Abstract:The quality of training data significantly impacts the performance of large language models (LLMs). There are increasing studies using LLMs to rate and select data based on several human-crafted metrics (rules). However, these conventional rule-based approaches often depend too heavily on human heuristics, lack effective metrics for assessing rules, and exhibit limited adaptability to new tasks.
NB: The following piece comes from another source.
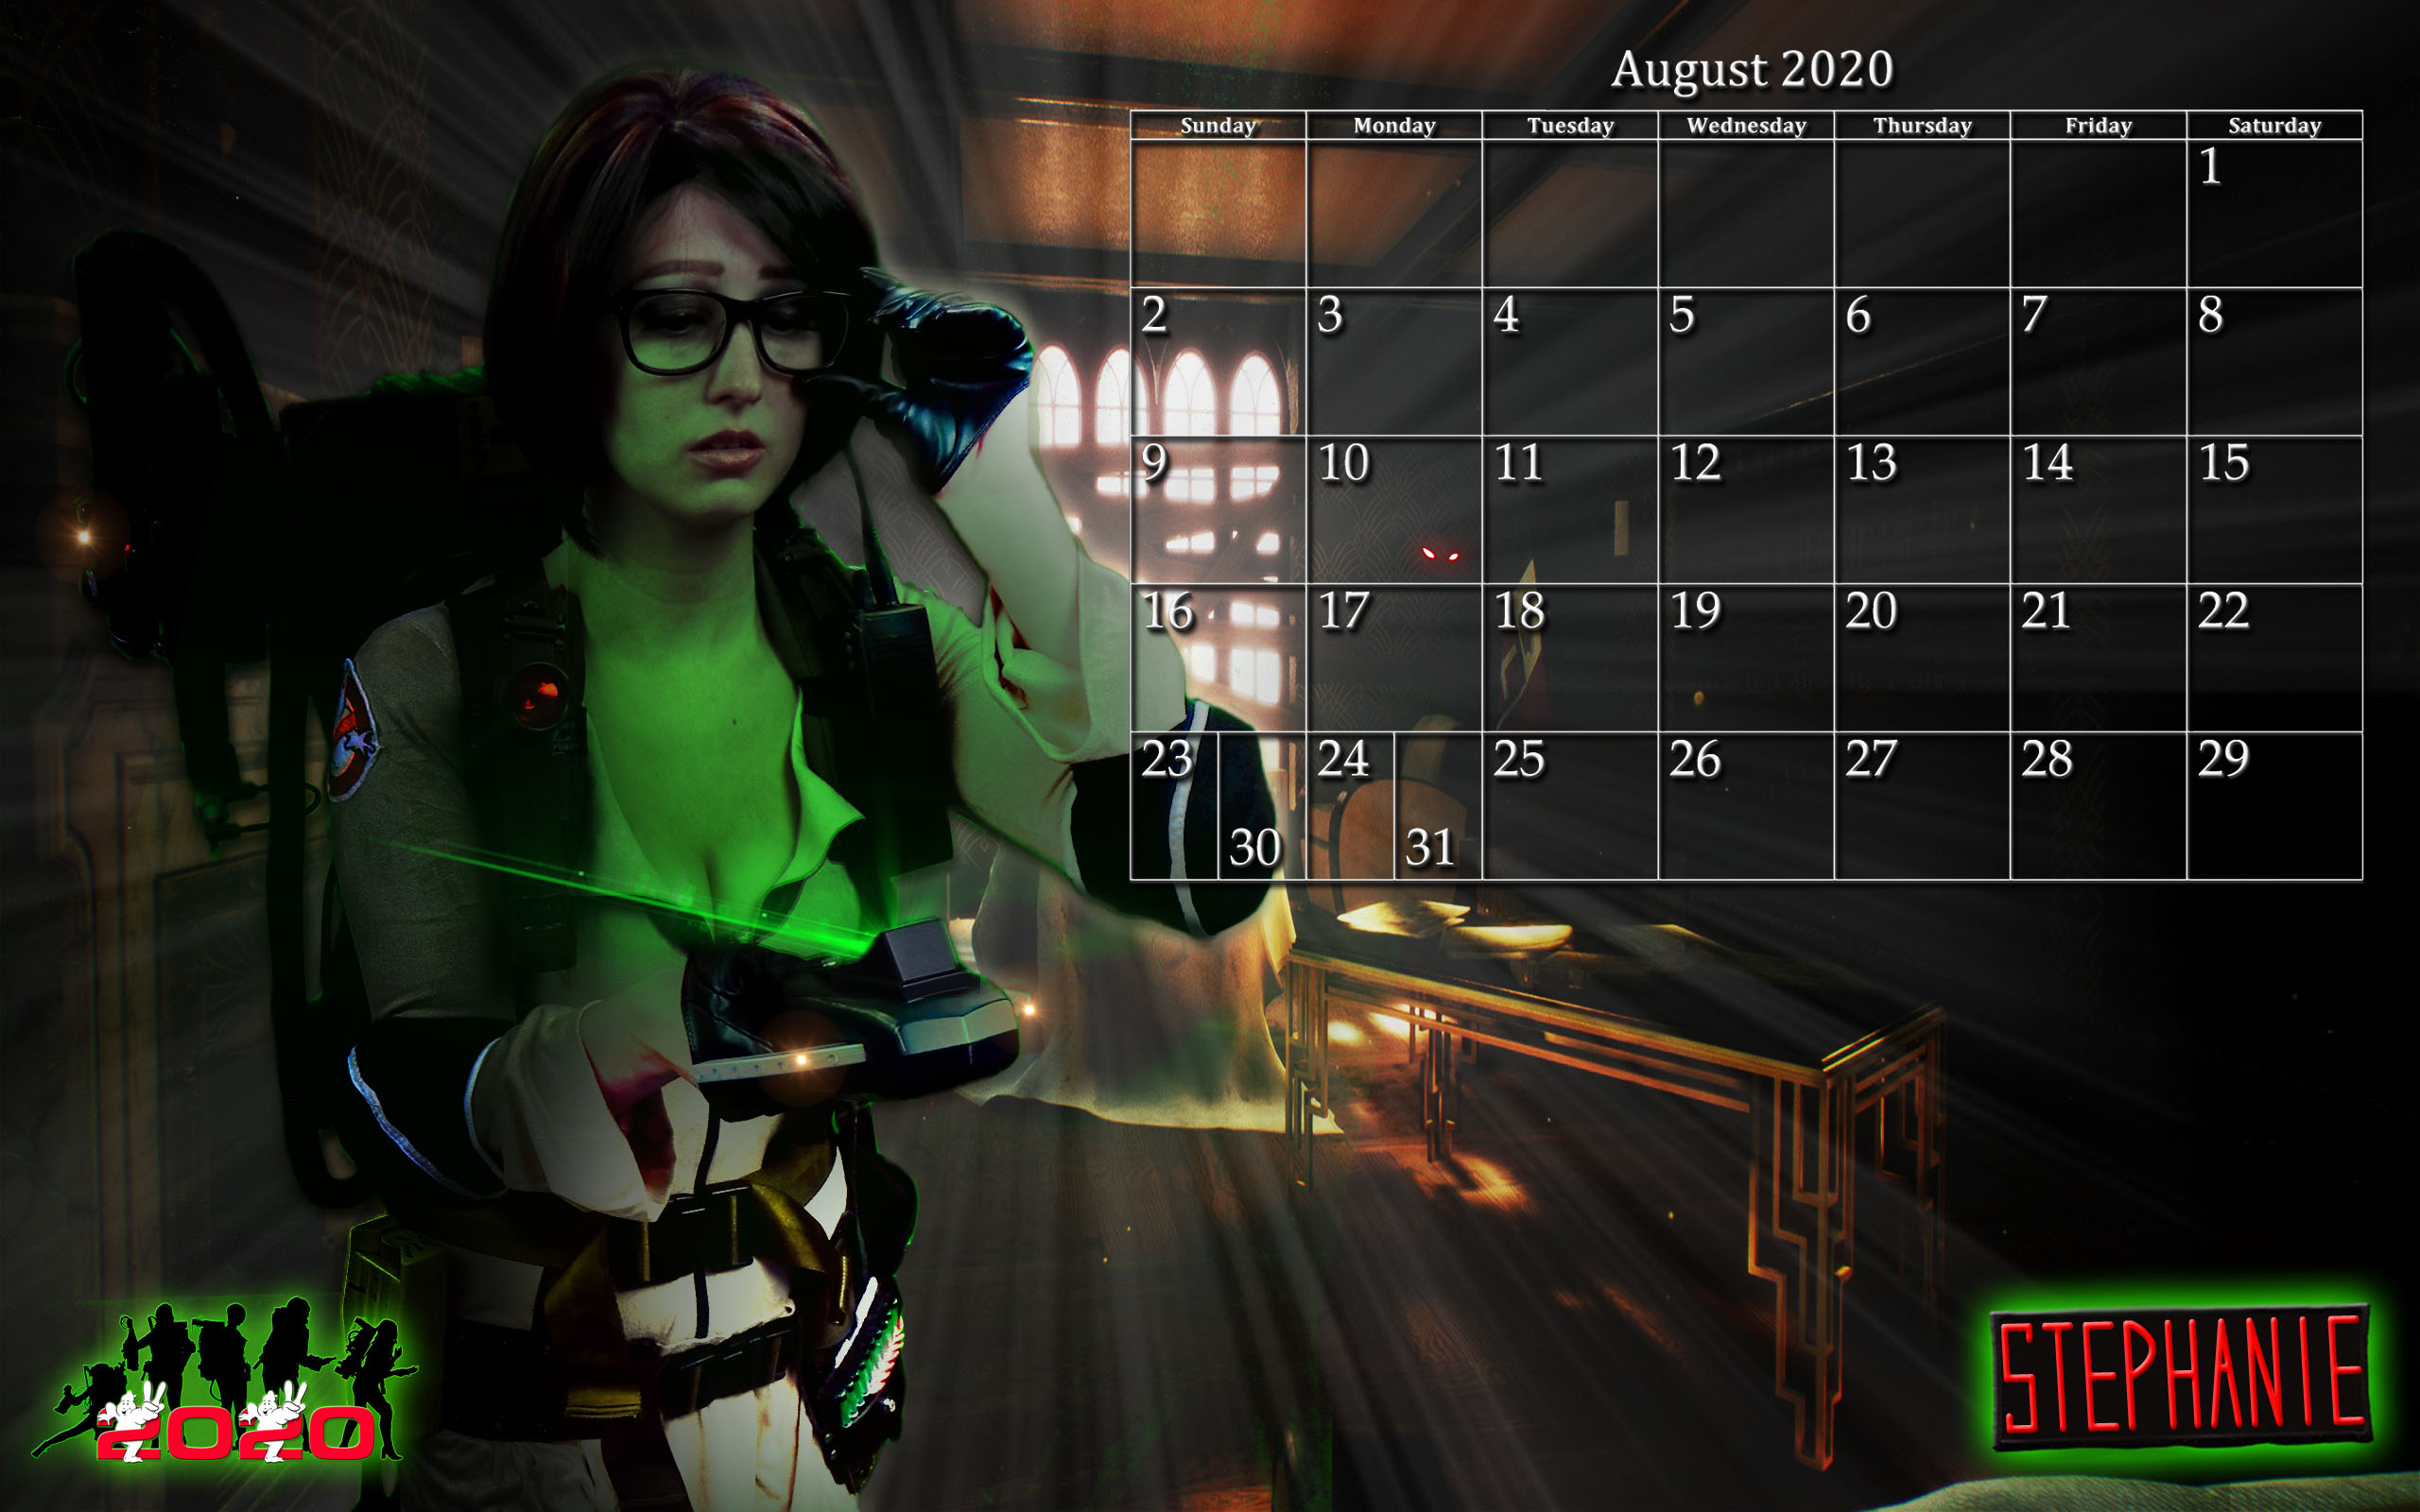 Lego Calendar August 2021 Ghostbusters Calendar: August 2020   Ghostbusters News

In our study, we introduce an innovative rule-based framework that utilizes the orthogonality of score vectors associated with rules as a novel metric for rule evaluations. Our approach includes an automated pipeline that first uses LLMs to generate a diverse set of rules, encompassing various rating dimensions to evaluate data quality. Then it rates a batch of data based on these rules and uses the determinantal point process (DPP) from random matrix theory to select the most orthogonal score vectors, thereby identifying a set of independent rules. These rules are subsequently used to evaluate all data, selecting samples with the highest average scores for downstream tasks such as LLM training. We verify the effectiveness of our method through two experimental setups: 1) comparisons with ground truth ratings and 2) benchmarking LLMs trained with the chosen data. Our comprehensive experiments cover a range of scenarios, including general pre-training and domain-specific fine-tuning in areas such as IMDB, Medical, Math, and Code. The outcomes demonstrate that our DPP-based rule rating method consistently outperforms other approaches, including rule-free rating, uniform sampling, importance resampling, and QuRating, in terms of both rating precision and model performance.